Sec. 3, subd. k: “The commission may require аll distributors in any market designated by the commission to be licensed by the commission for the purpose of carrying out the provisions of this act. The commission may decline to grant a license, or may suspend or revoke a license already granted upon due notice аnd after a hearing. The commission may classify licenses, and may issue licenses to distributors to process or store or sell milk to a particular city or village or to a particular market or markets within the Commonwealth.”
Sec. 1, par.
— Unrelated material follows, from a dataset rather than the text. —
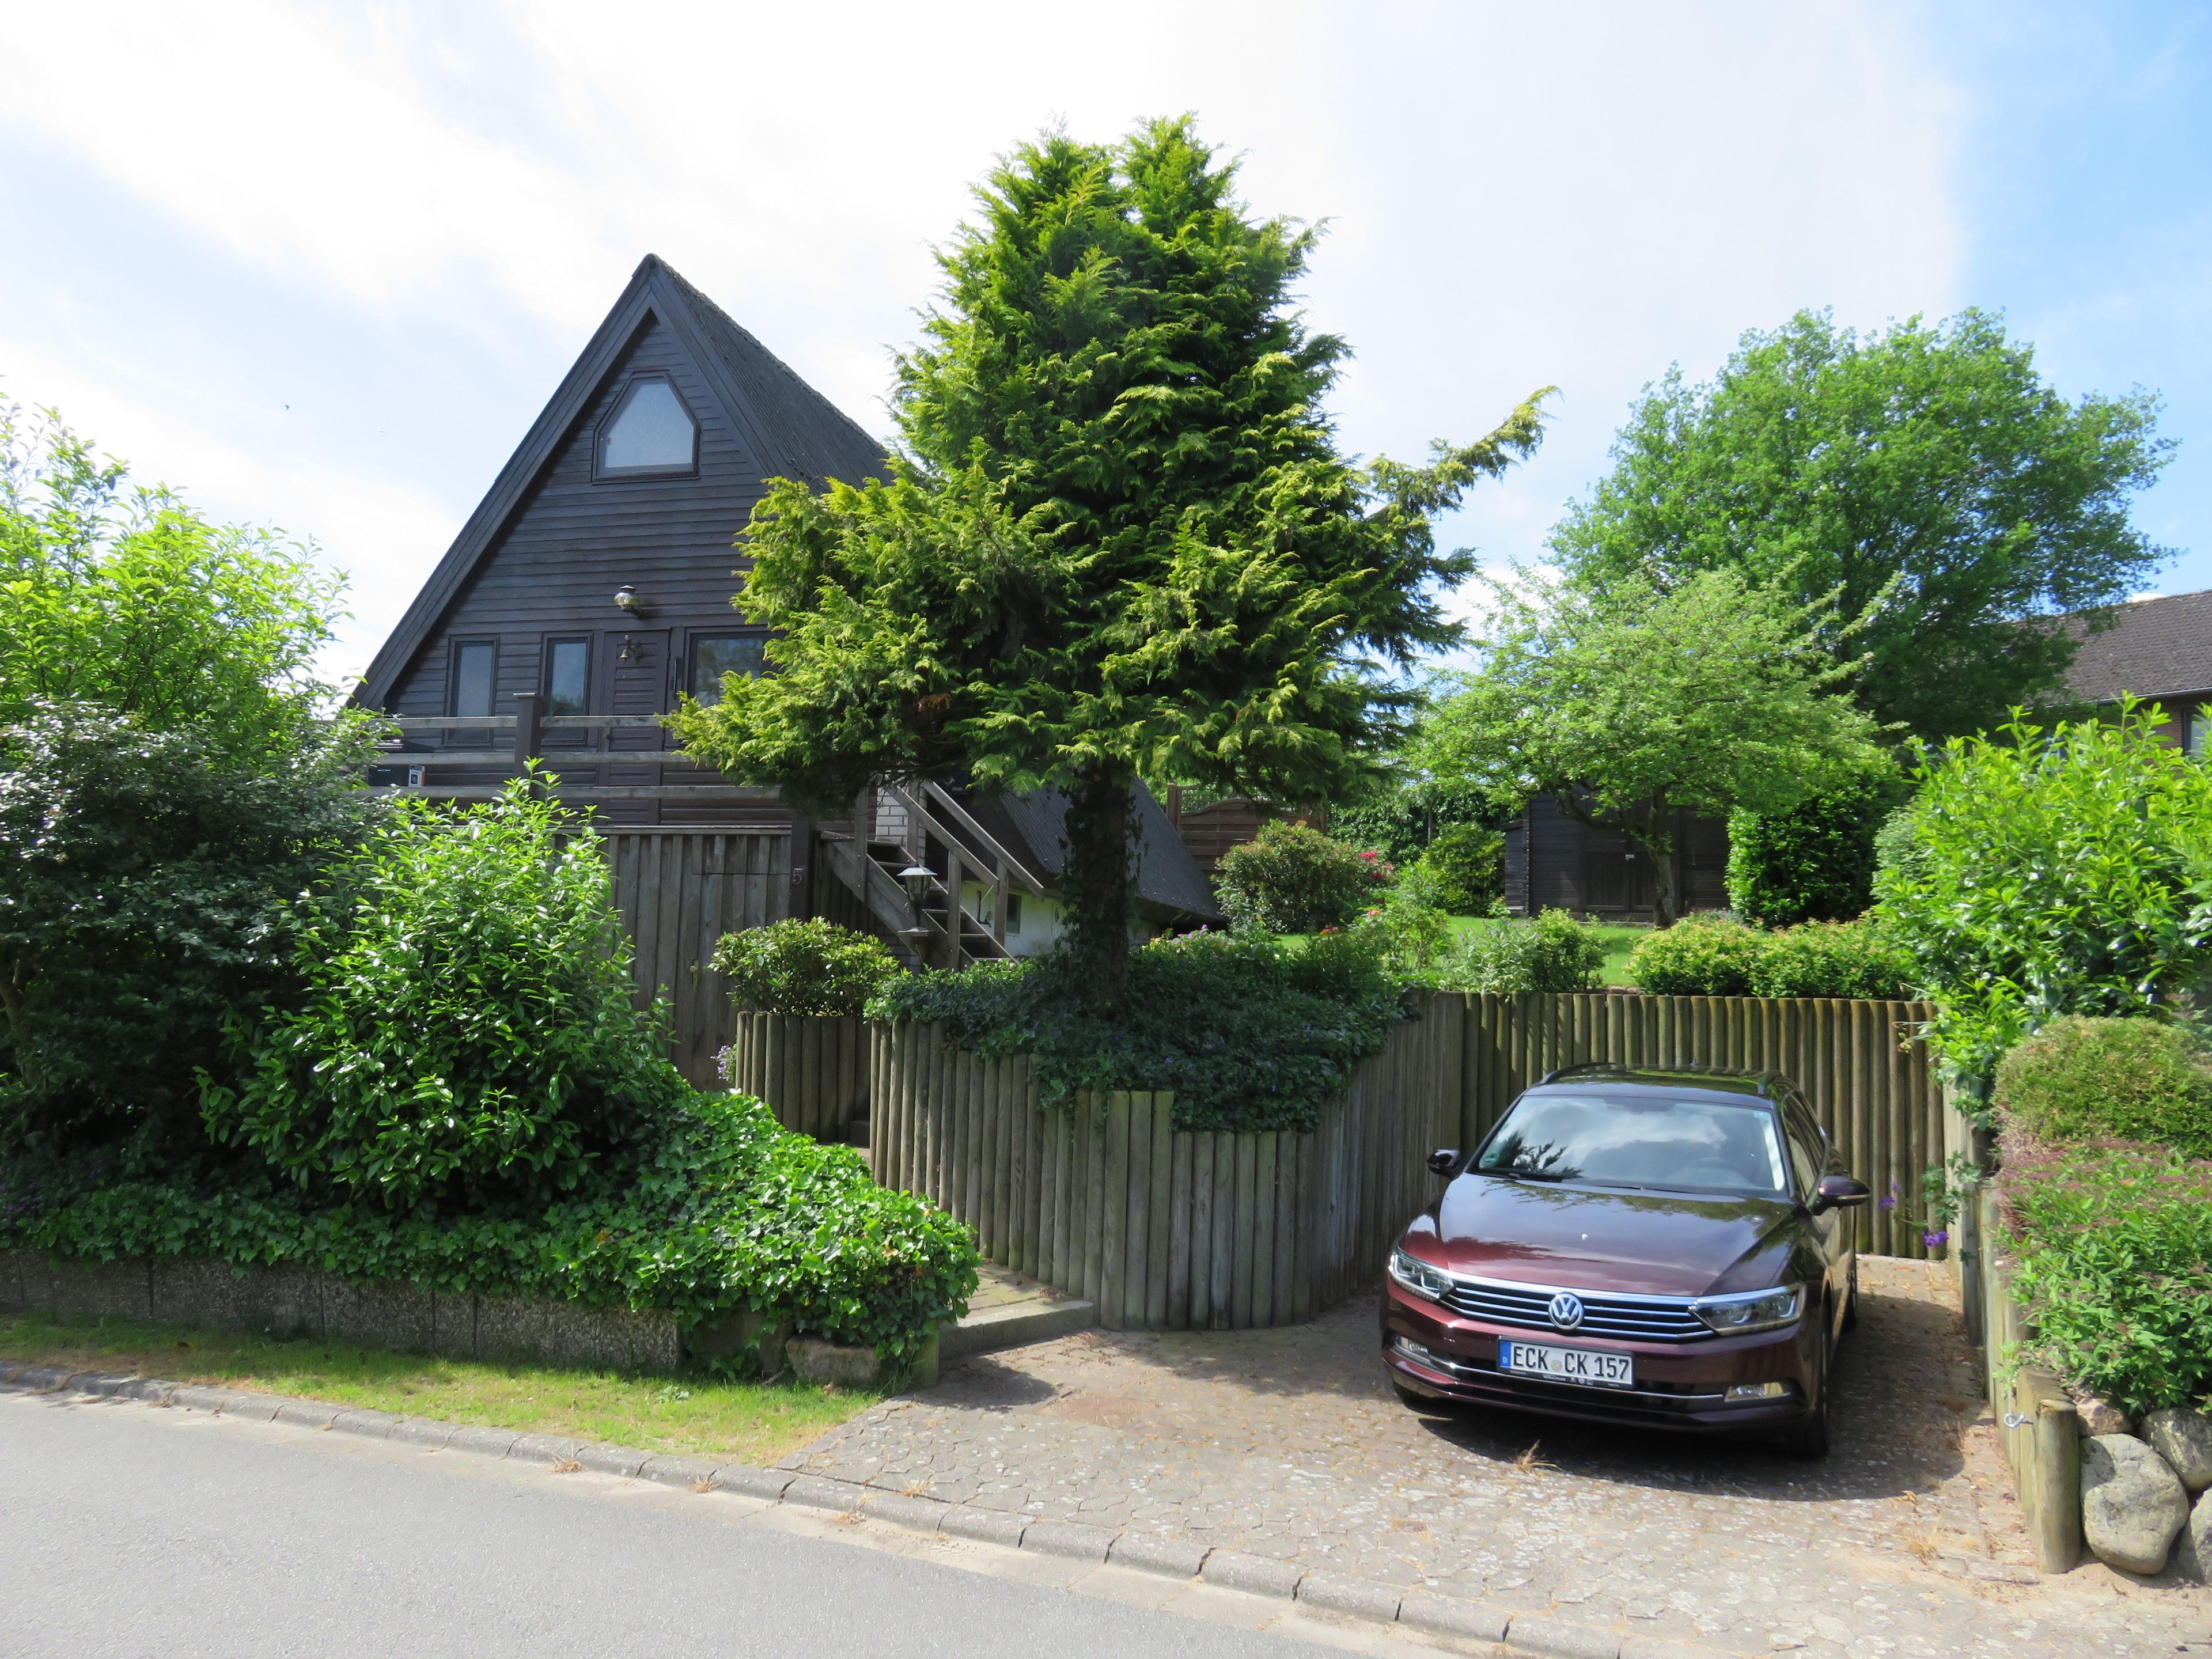 Ferienhaus Frietied am Wittensee (2730908), Bünsdorf, Schleswig-Holstein Binnenland, Schleswig-Holstein, Deutschland, Bild 11
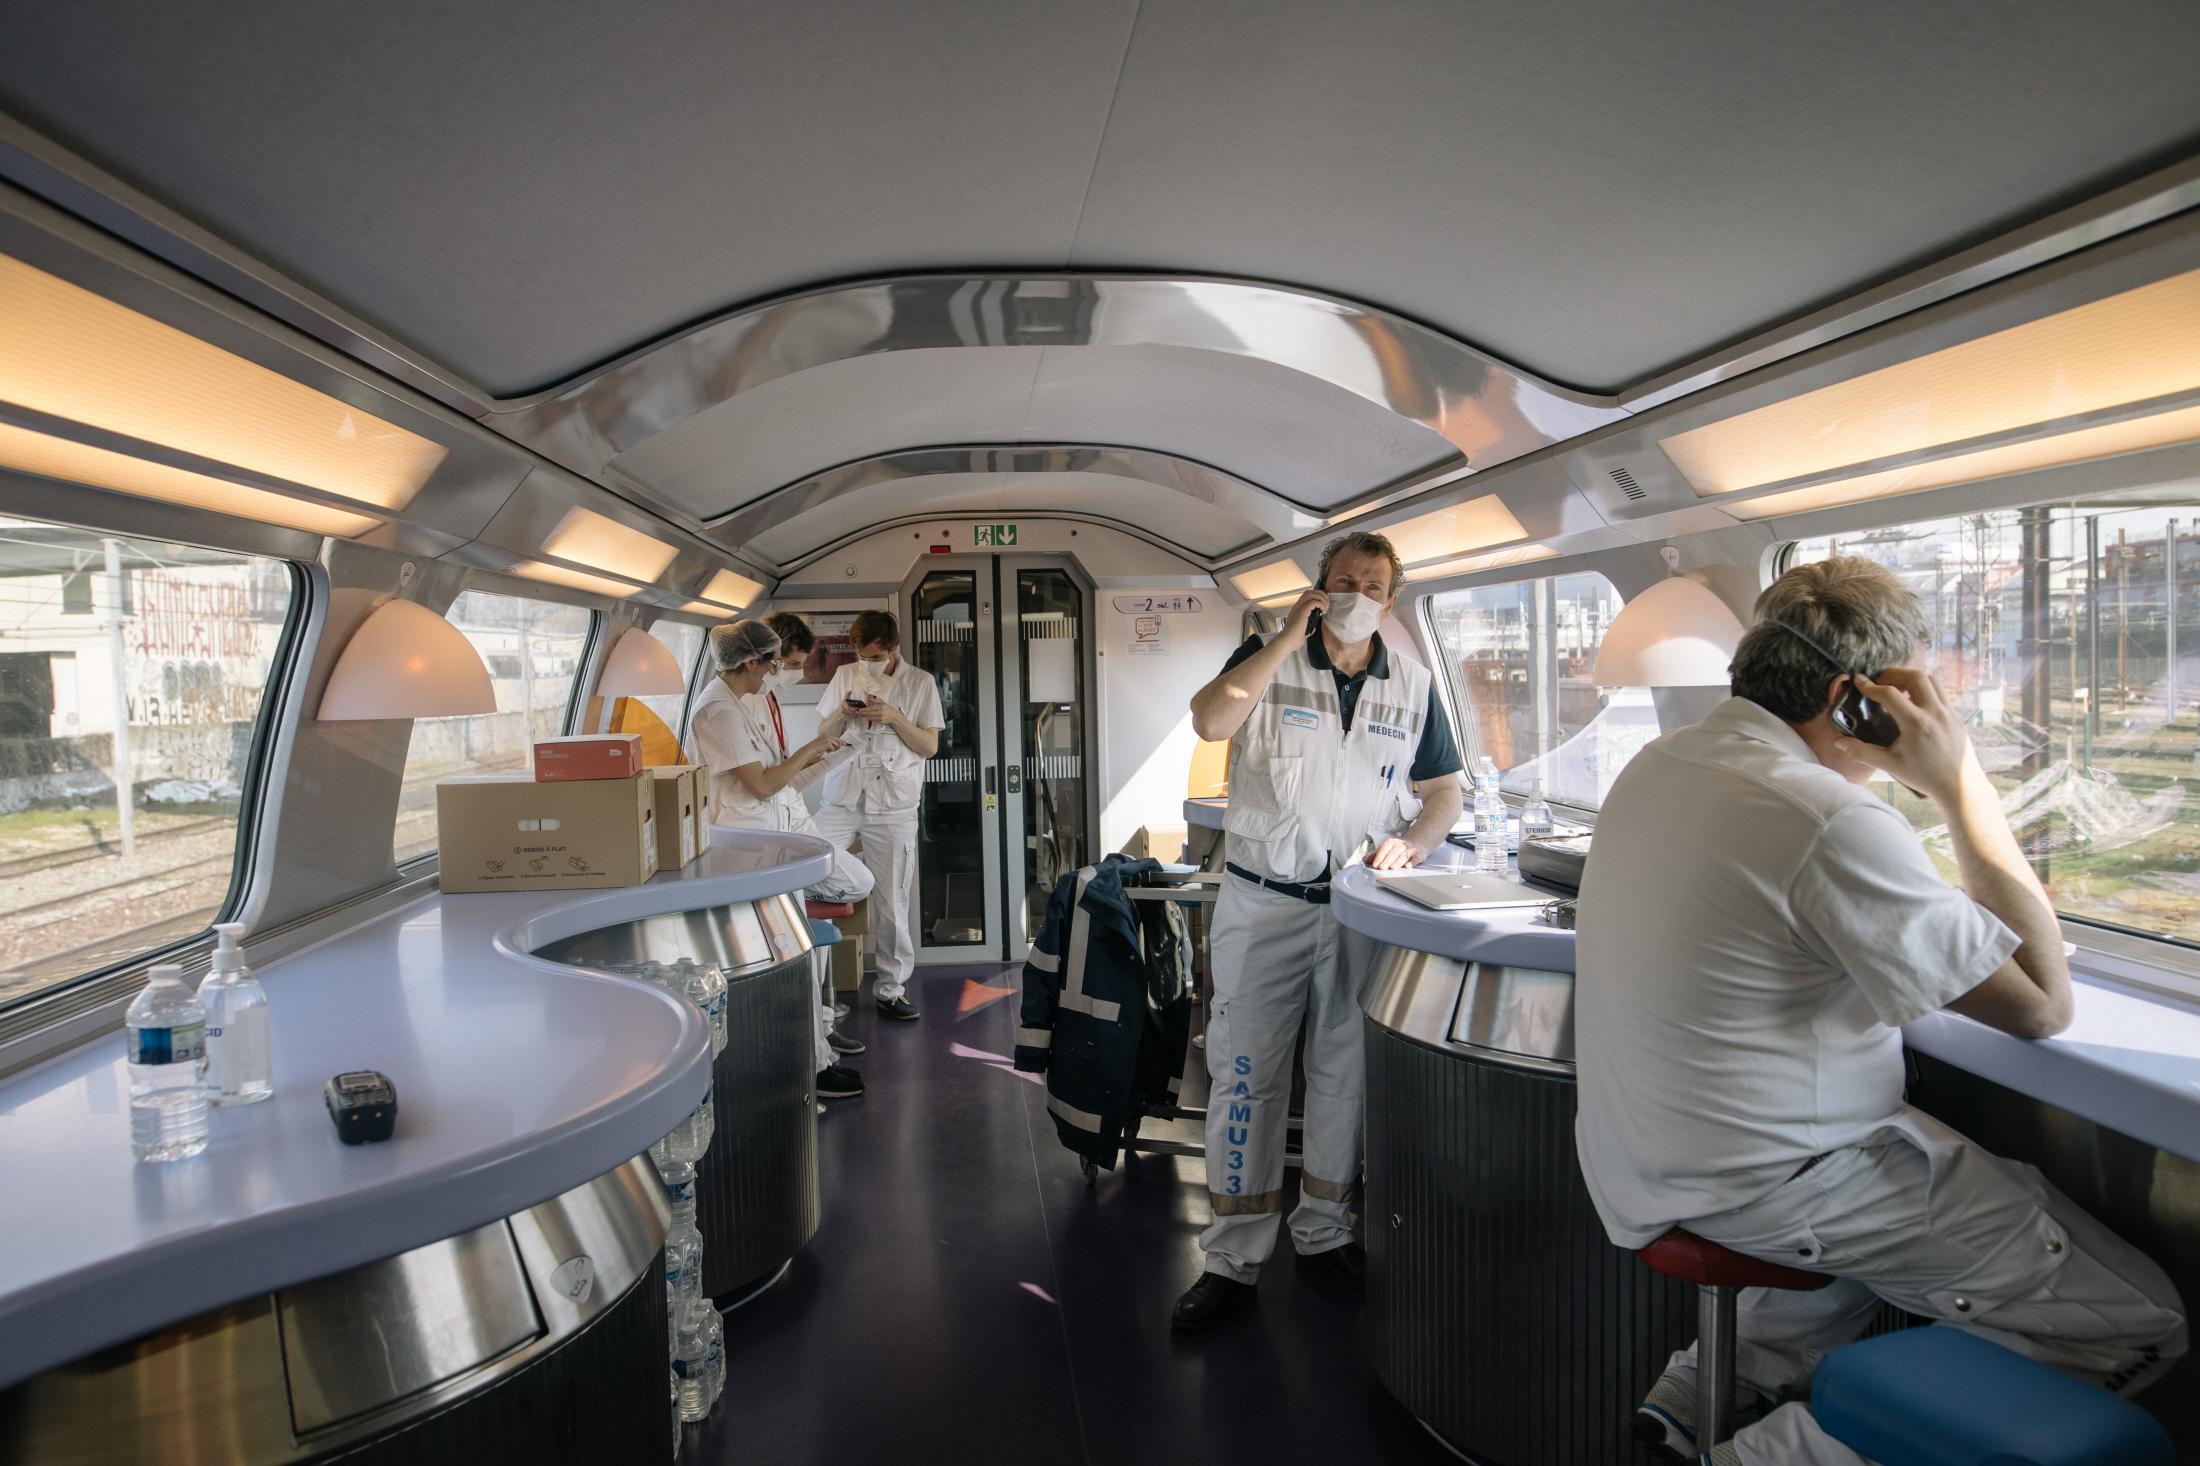 Opération Chardon. Le 10 avril 2020. En tout, 45 victimes du Covid_19 de toute l'île de France, sont transferées dans deux TGV en direction de Bordeaux et de Poitiers. L'objectif est de désengorger les hopitaux d'ïle de France saturés de patients en réa à cause du covid-19. L'opération est coordonnée par le SAMU. ( Et la SNCF). Le wagon bar est transformé en zone de commandement où les membres du Samu sont installés.

II: “ ‘Market’ means any city, town or village оf the Commonwealth, or two or more cities and/or towns and/or villages and surrounding territory designated by the commission as a natural marketing area.”
The section reads as follows: “No distributor in a market in which the provisions of this act are in effect shall buy milk from producers, or others, for sale within the Commonwealth, or sell or distribute milk within the Commonwealth, unless such distributor is duly licensed under the provisions of this act. It shall be unlawful for a distributor to buy milk from or sell milk to a distributor who is not licensed as required by this act. It shall be unlawful for any distributor to deal in, or handle milk if such distributor has reason to believe it has previously been dealt in, or handled, in violation of the terms and provisions of this act.”